The following are the questions whose answers we have come up with in this analysis:
To understand the relationships between the various features and the sale price of a house.
To determine the peak house sale season.
To build a multiple linear regression model that identifies the most important factors that influence the sale price of a house.
To use the model to gain insights into the home sales market and improve decision-making processes.

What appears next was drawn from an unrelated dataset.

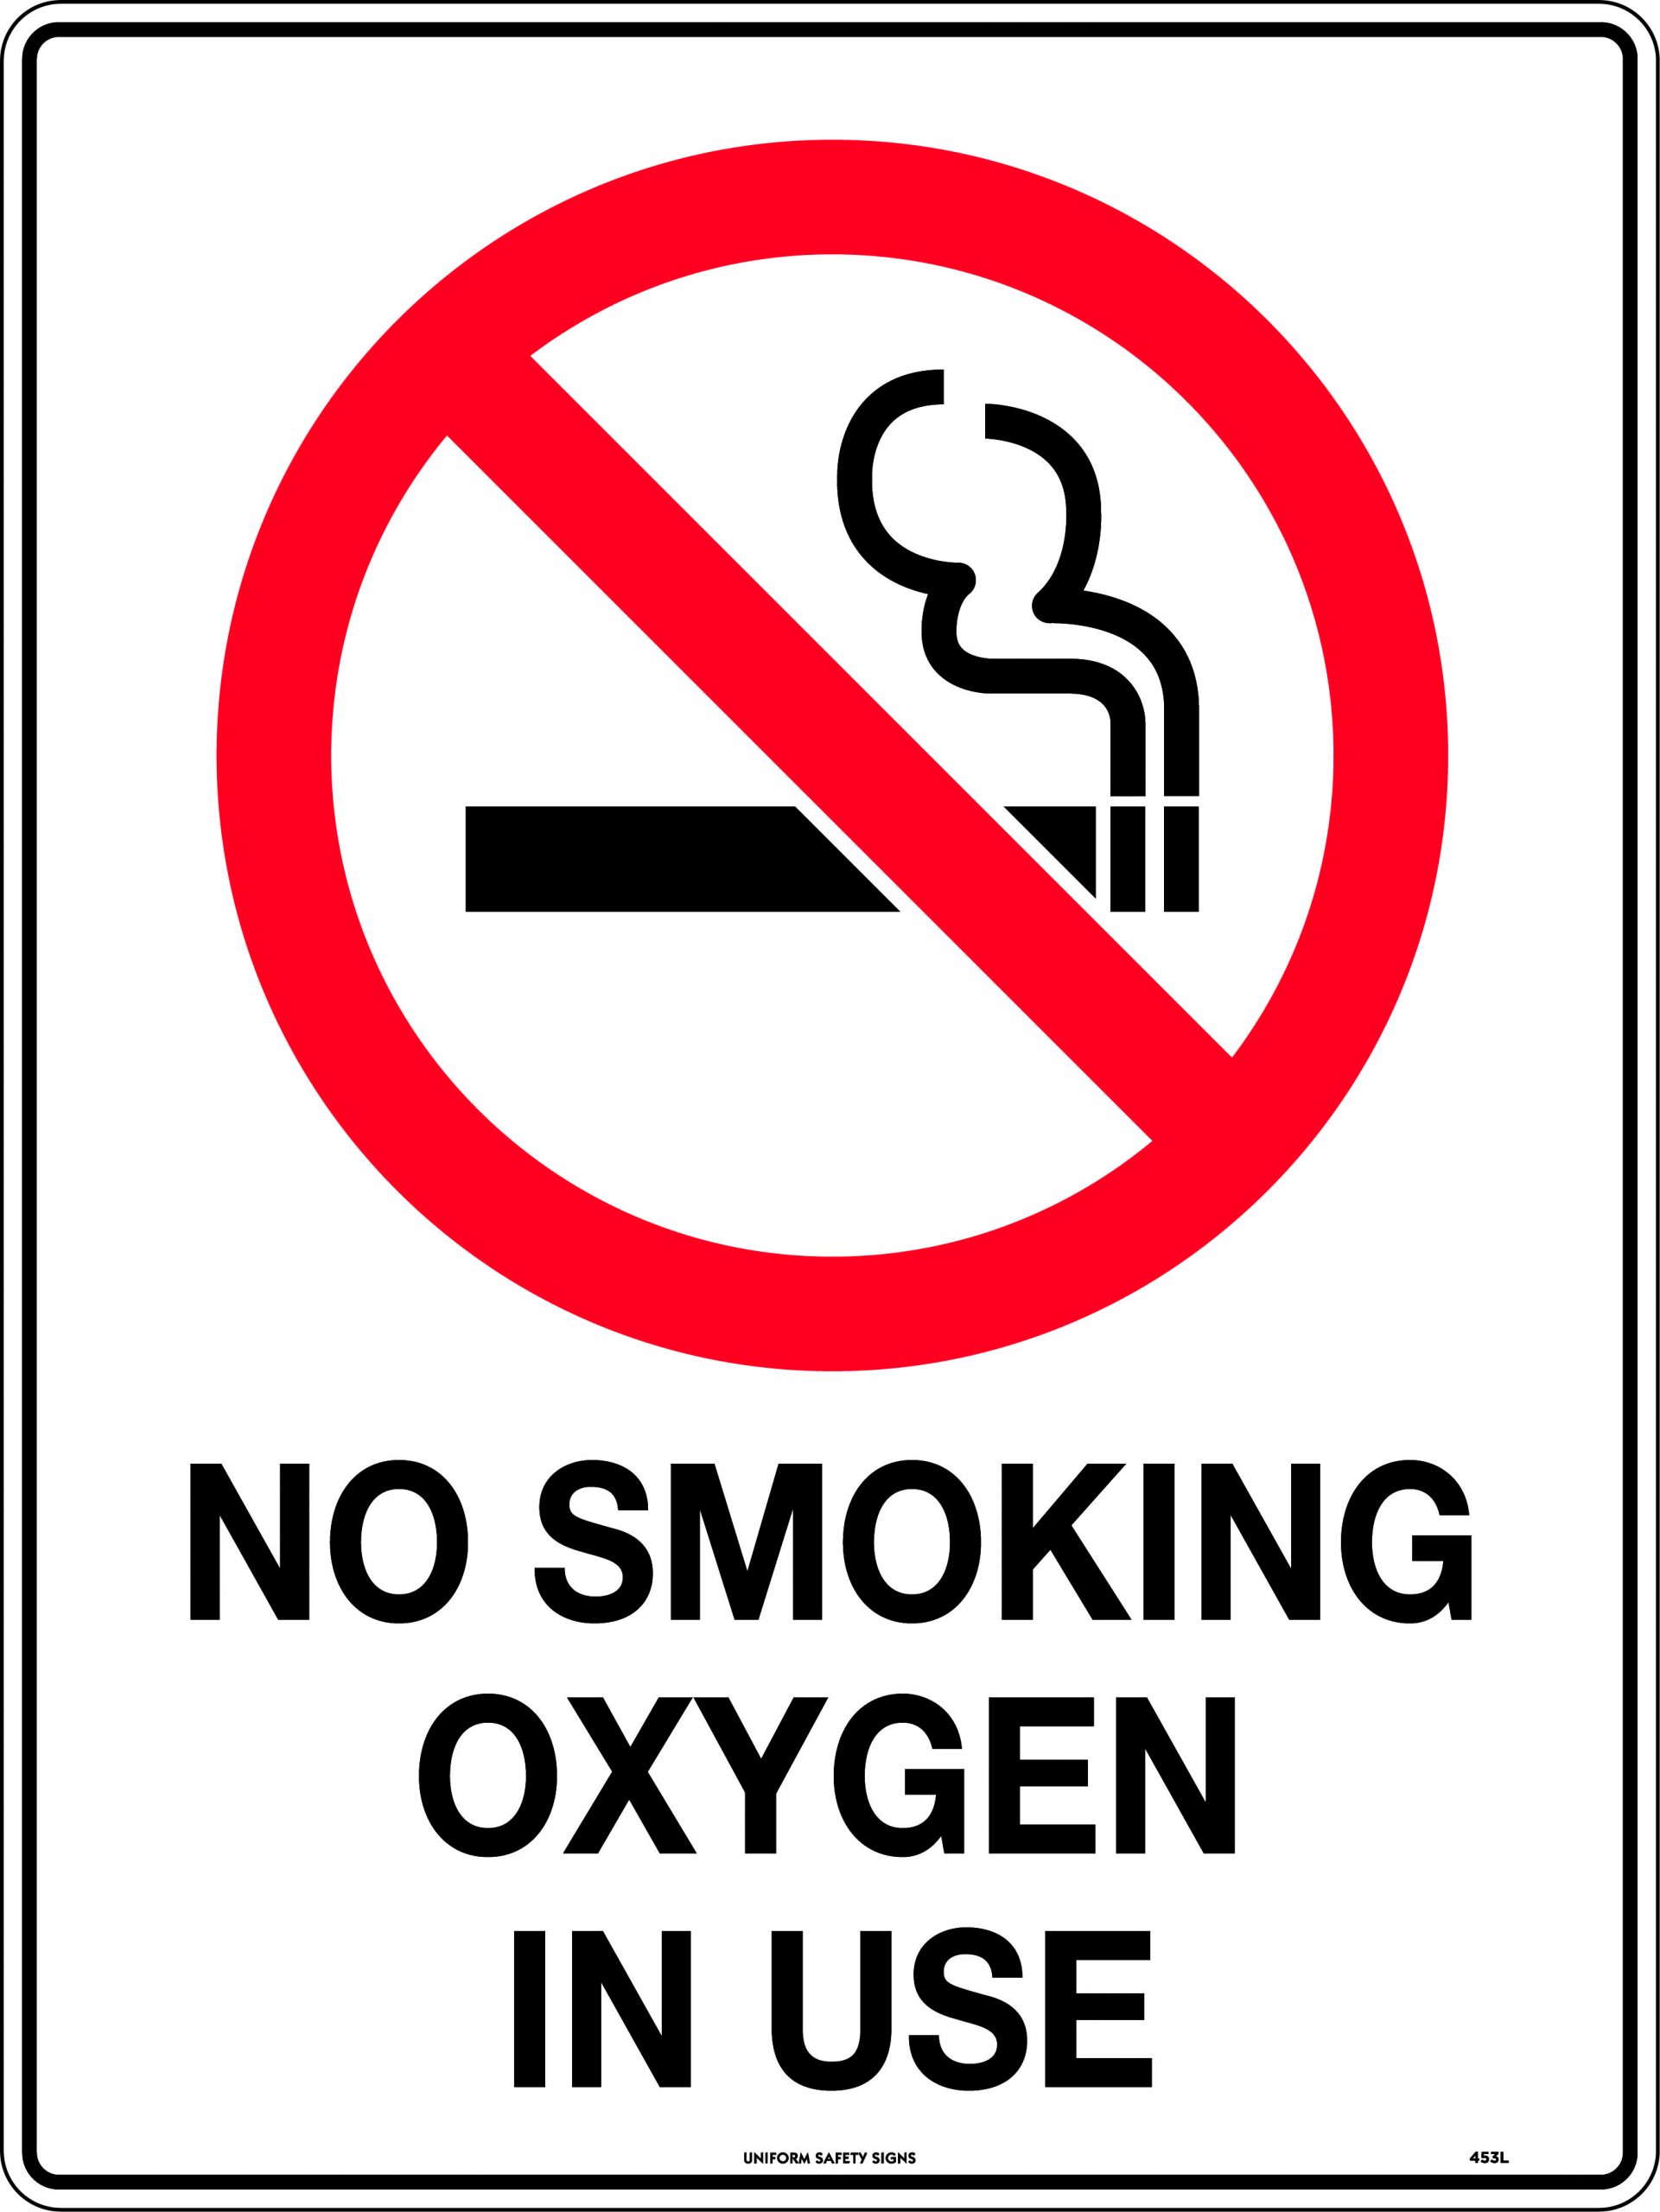 No Smoking Oxygen in Use Uniform Safety Signs

Data Understanding and Analysis

Source of Data

We used the following data to compute our analysis:

Data Analysis

Our data had 21 features that we worked with to come up with the best predictive model.
We started by analyzing each of the house features individually by looking at their charecteristics and distribution.
As part of preparing our data for analysis, we cleaned it as outlined stepwise in our notebook.
Next, we tracked the relationship amongst the individual variables with each other.
For our data with categorical variables as well as that which wasn't normally distributed, we did some feature engineering for variables we felt would hav an impact in the analysis.
Finally, we modelled various variables to see how the regression compared to our baseline model in determining the house prices.

Data Visualization

Graph of individual variables' distribution:

A look at the price dstribution:

How the various seasons impact house purchase:

Challenges

The model does have some limitations: given that some of the variables needed to be log-transformed to satisfy regression assumptions, any new data used with the model would have to undergo similar preprocessing.
Additionally, given regional differences in housing prices, the model's applicability to data from other counties may be limited.
Due to the presence of high multicollinearity among several predictor variables, we had to remove some of those columns from our analysis.

Conclusion

The variables that have a major influence on the price of the house are; square foot living, age of the house,good condition of the house,if the house is on a waterfront and has an excellent view.
The variables that has the least influence on the price of the house are; grade, number of bedrooms, sqft lot, sqft basement and sqft lot 15.
For those looking for economical housing options, it might be wise to consider sacrificing spacious living quarters or a scenic waterfront view.
We can also see that:
The highest number of house sales are made in the second quarter of the year (Q2: April 1 - June 30) which fall in the Spring season
The lowest number of house sales are made in the first quarter of the year (Q1: January 1 - March 31) which fall mostly in the Winter season

Recommendations

Revonate their house since this increases the value of the house
Ensure that the houses are in good condition before putting it into the market for sale
Increase square footage of living space
Put up their houses for sale in peak season-Spring

Future work

Reducing noise in the data to improve the accuracy of our model.
Additionally investigate certain features, such as constructional/architectural values of the house, to see what trends we could discern from that.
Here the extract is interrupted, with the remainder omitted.